The delivery system Trump used to launch his first salvo in the latest crisis to engulf the Korean peninsula was predictable enough – Twitter. Likewise predictable was that in aiming at Beijing, rather than Pyongyang, he was, as usual, a few hundred kilometres off target.
This was no simple misfiring on Trump’s behalf – but the latest in a long line of potshots towards China that suggest the US president’s sights are permanently misaligned when it comes to North Korea.
In April, when Trump met the Chinese president, Xi Jinping ( 習近平 ), in Florida, the emergence of North Korea as a major topic was in many ways an unexpected development for the Chinese side. After all, the Korean peninsula had ranked rather low on the list of issues Trump had identified when campaigning for the presidency.
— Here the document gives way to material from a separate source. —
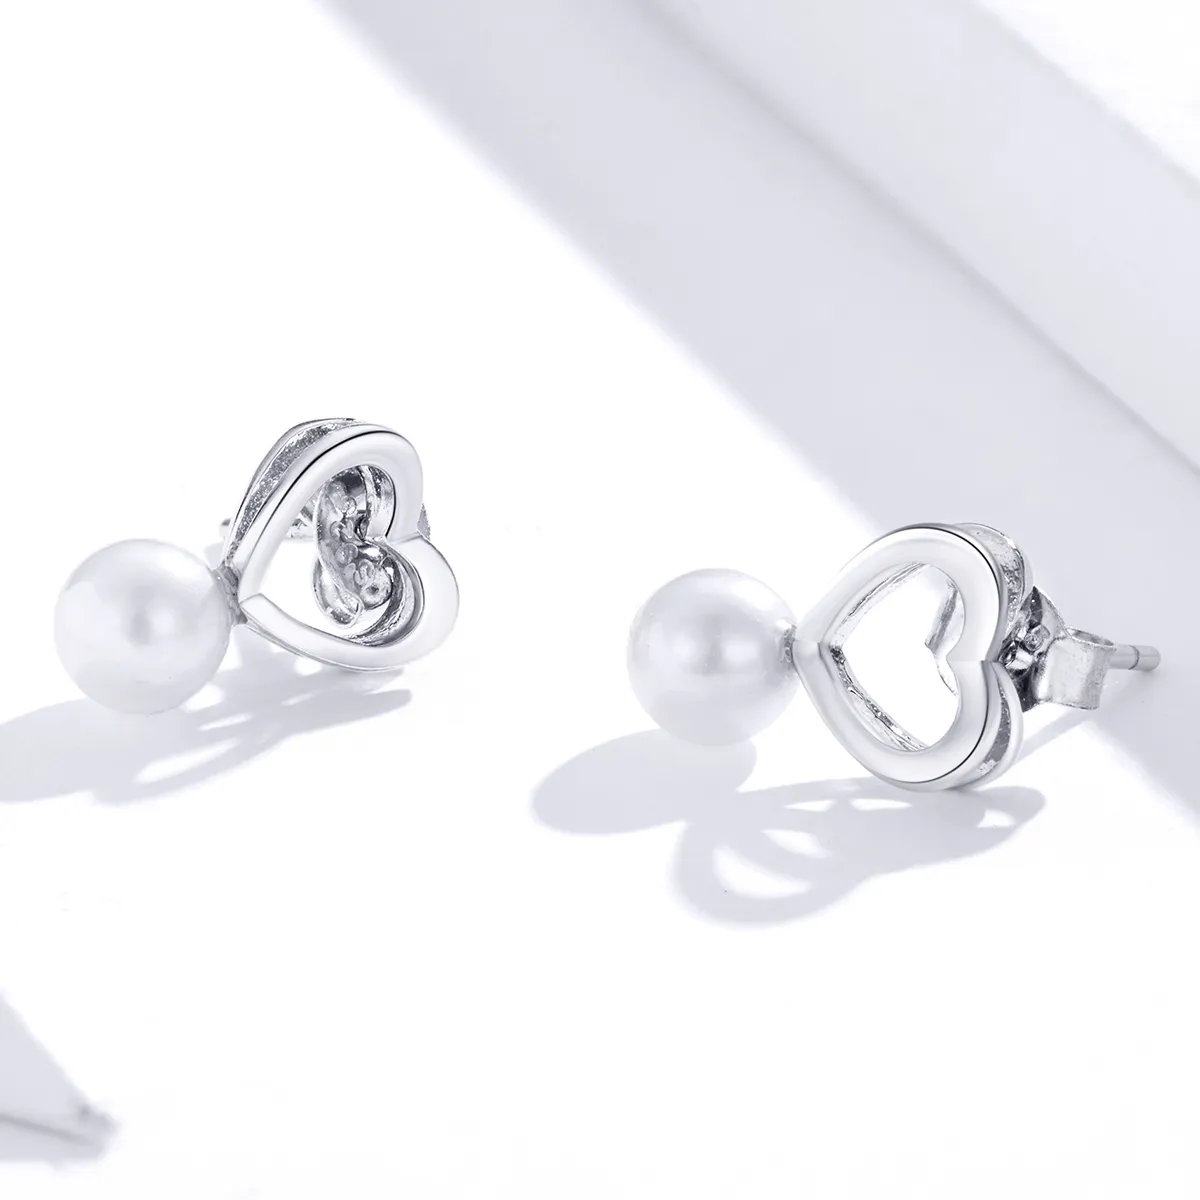 Pandora Style Silver Pearl Drop Stud Earrings - SCE869

But even then, Trump’s intent was clear. As the pair sat down for dinner at Trump’s Mar-a-Lago estate, the host’s announcement – reportedly over chocolate cake – that US forces were bombing Syria, a country that has enjoyed close ties to China in the past, spoke louder than anything else. The action was widely seen as a message, not only for North Korea, but for what the US sees as Pyongyang’s main ally – China. That message was reinforced within a week after Xi’s return to Beijing, when Trump called him to discuss the issue once again.